"My opponent left a glass of whisky 'en prise' and I took it 'en passant". - Henry Blackburne | SINCE 2007

Friday, May 25, 2007

Obituary: Alexander Borisovich Roshal dies at 71

He was a renowned chess trainer and one of the most famous and influential chess journalists of the Soviet Union. After its collapse he took over his magazine, "64 – Chess Review", and after a brief crisis, returned it to its old glory. Alik Roshal was a welcome visitor at chess events all over the world, entertaining us with his wisdom and humour. He will be sadly missed.

Alexander Roshal, 1936 – 2007

Alexander Borisovich Roshal was born on August 26, 1936. He was a merited chess trainer of the Soviet Union when in 1968 he switched to journalism and, together with world champion Tigran Petroian he founded a chess magazine called "64 – Chess Review". It became the biggest and most influential chess magazine in the Soviet Union. In 1992 the publication was stopped due to financial difficulties, but then privatised and resurrected by Alexander Roshal, who ran it as Editor in Chief until his death.
Alik (as his Russian friends called him) has limited contact to his parents. His father was arrested when he was one year old, charged with writing the first constitution for the state of Israel. Soon after that he was shot. Alik's mother spent 18 years in a prison camp and exile. He got to know her when he was nine, and lived with her in Kazakhstan until he was 16. He was proud of his heritage and always said: "I am a Russian Jew".
Roshal arranged himself with the Soviet government and, under Brezhnev, was allowed to travel all over the world. In 1986 his magazine published excerpts from Nabokov's autobiography Other Shores, and he was severely punished for this. But as always he bounced back to gain his previous respect and prestige as the foremost chess journalist in Russia.
In "Monologues of a Chess Guru" Vera Tsvetkova wrote: "For many, Roshal embodies chess journalism, acting as the public voice of chess for the greater masses.

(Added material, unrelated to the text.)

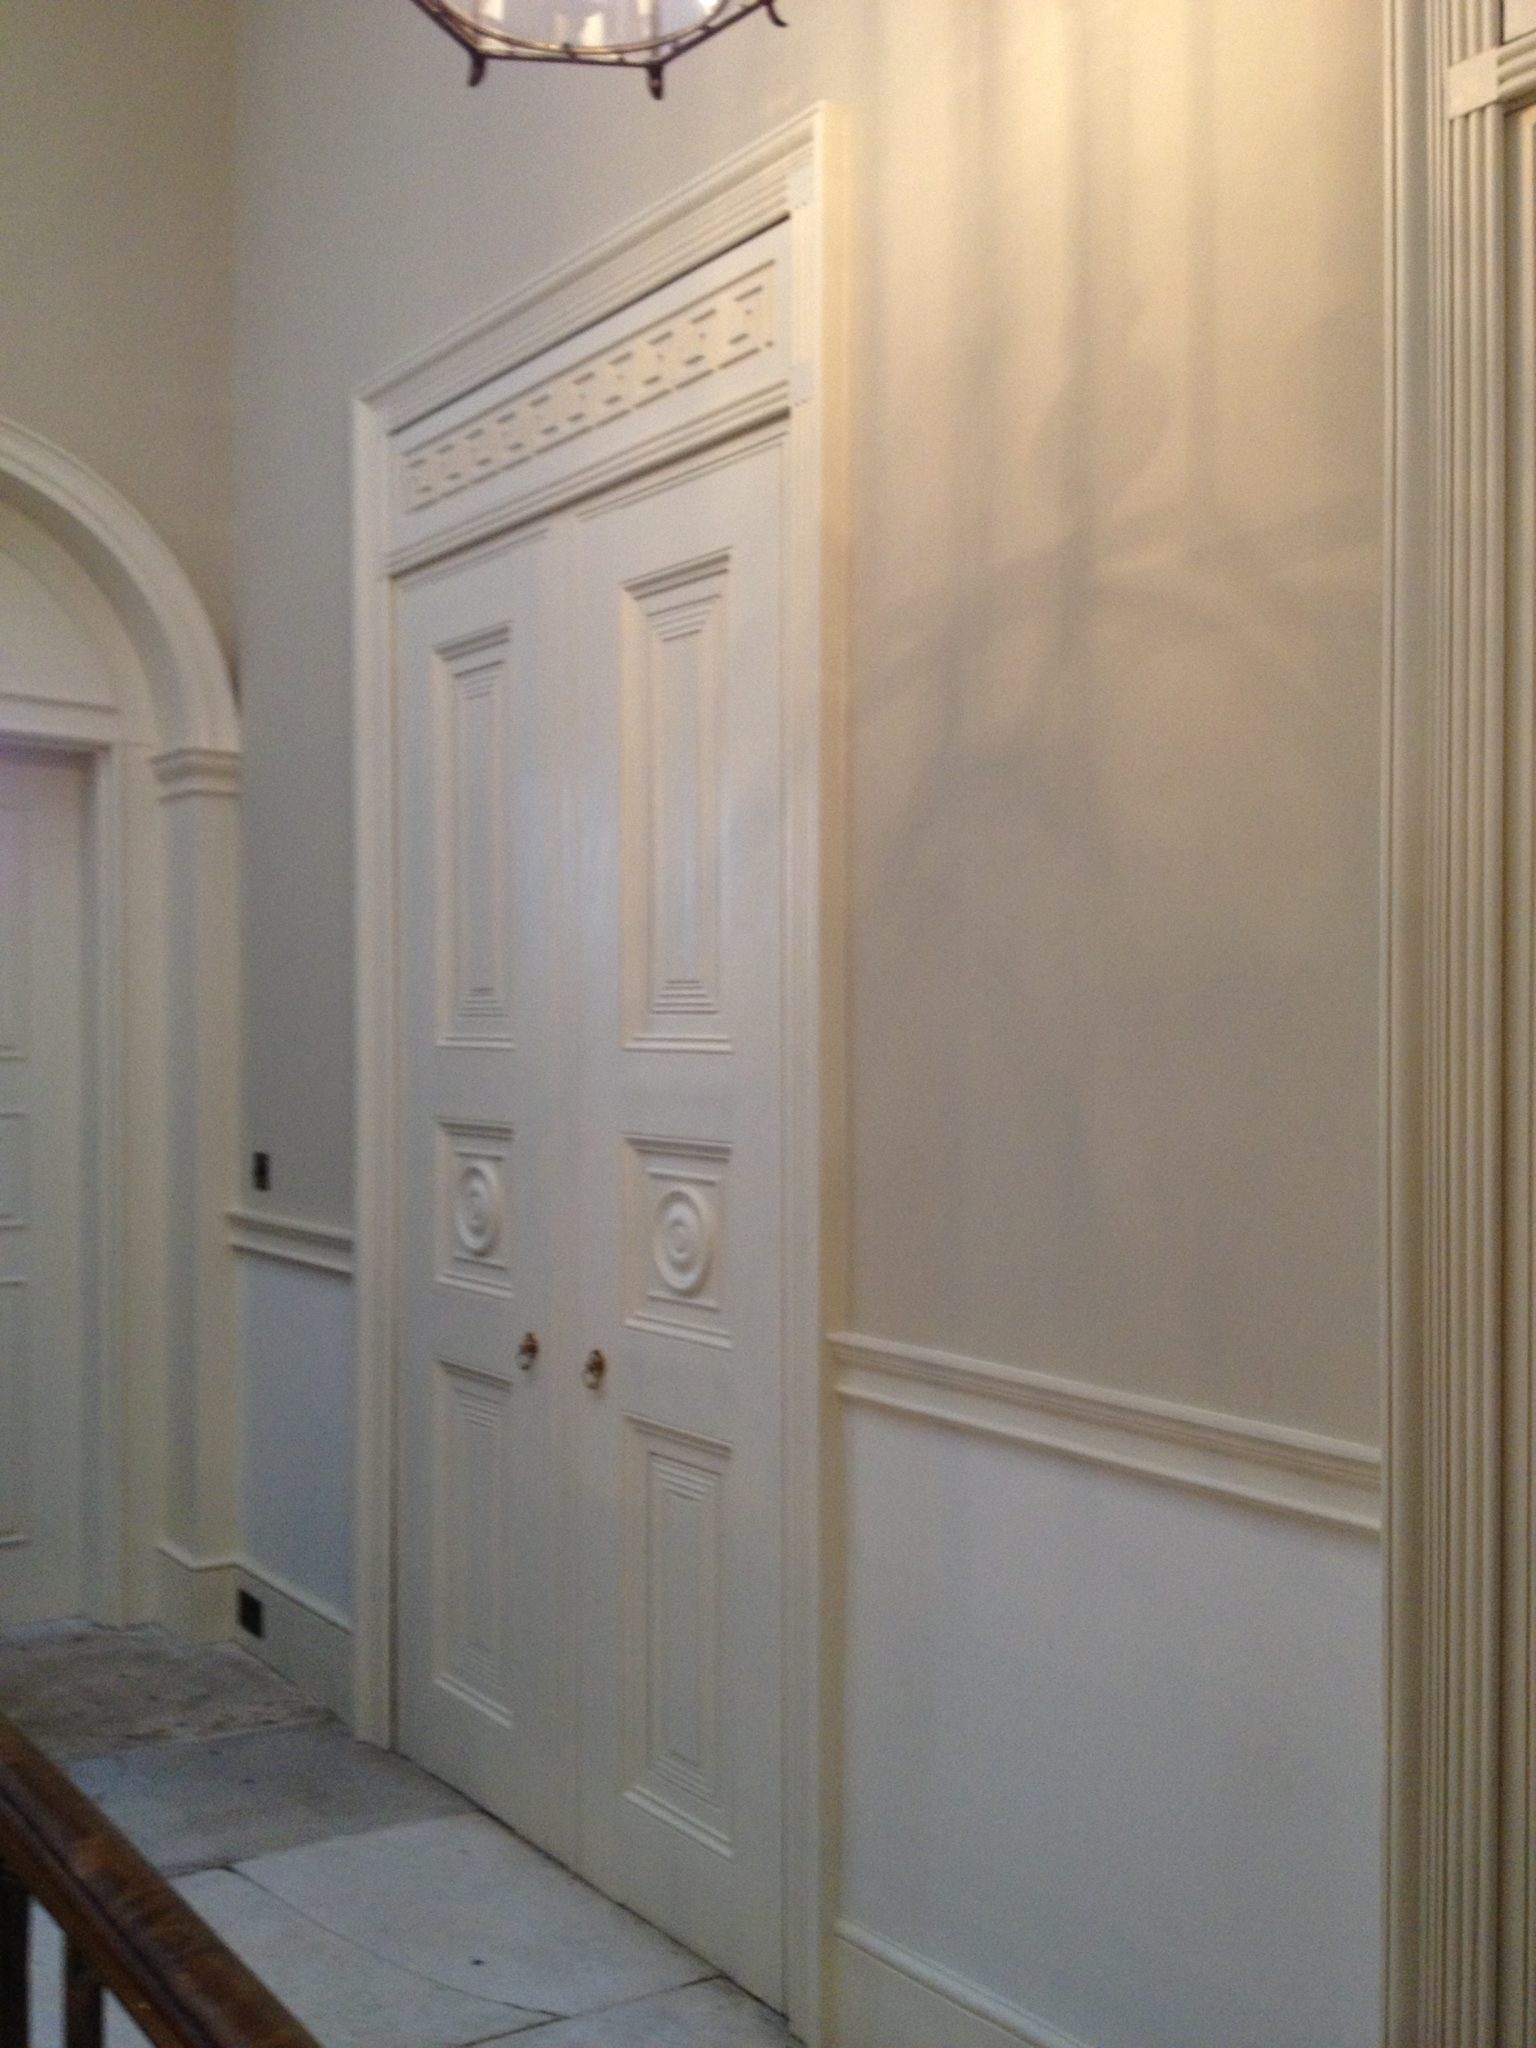 Gorgeous restoration doors with elegant Greek motif

This energetic and sociable person completely belies his age – he is active, sharp-witted, and talkative – one could listen to him for hours, like a nightingale. It doesn’t matter what the conversation is about – journalism, chess, or his adored watchdog breed, Cane Corso. He represents the generation born in the Thirties – yes, that’s how they are."
Alexander Borisovich deid on May 21 2007 after a long struggle with pancreatic cancer, which he called the disease of chess players.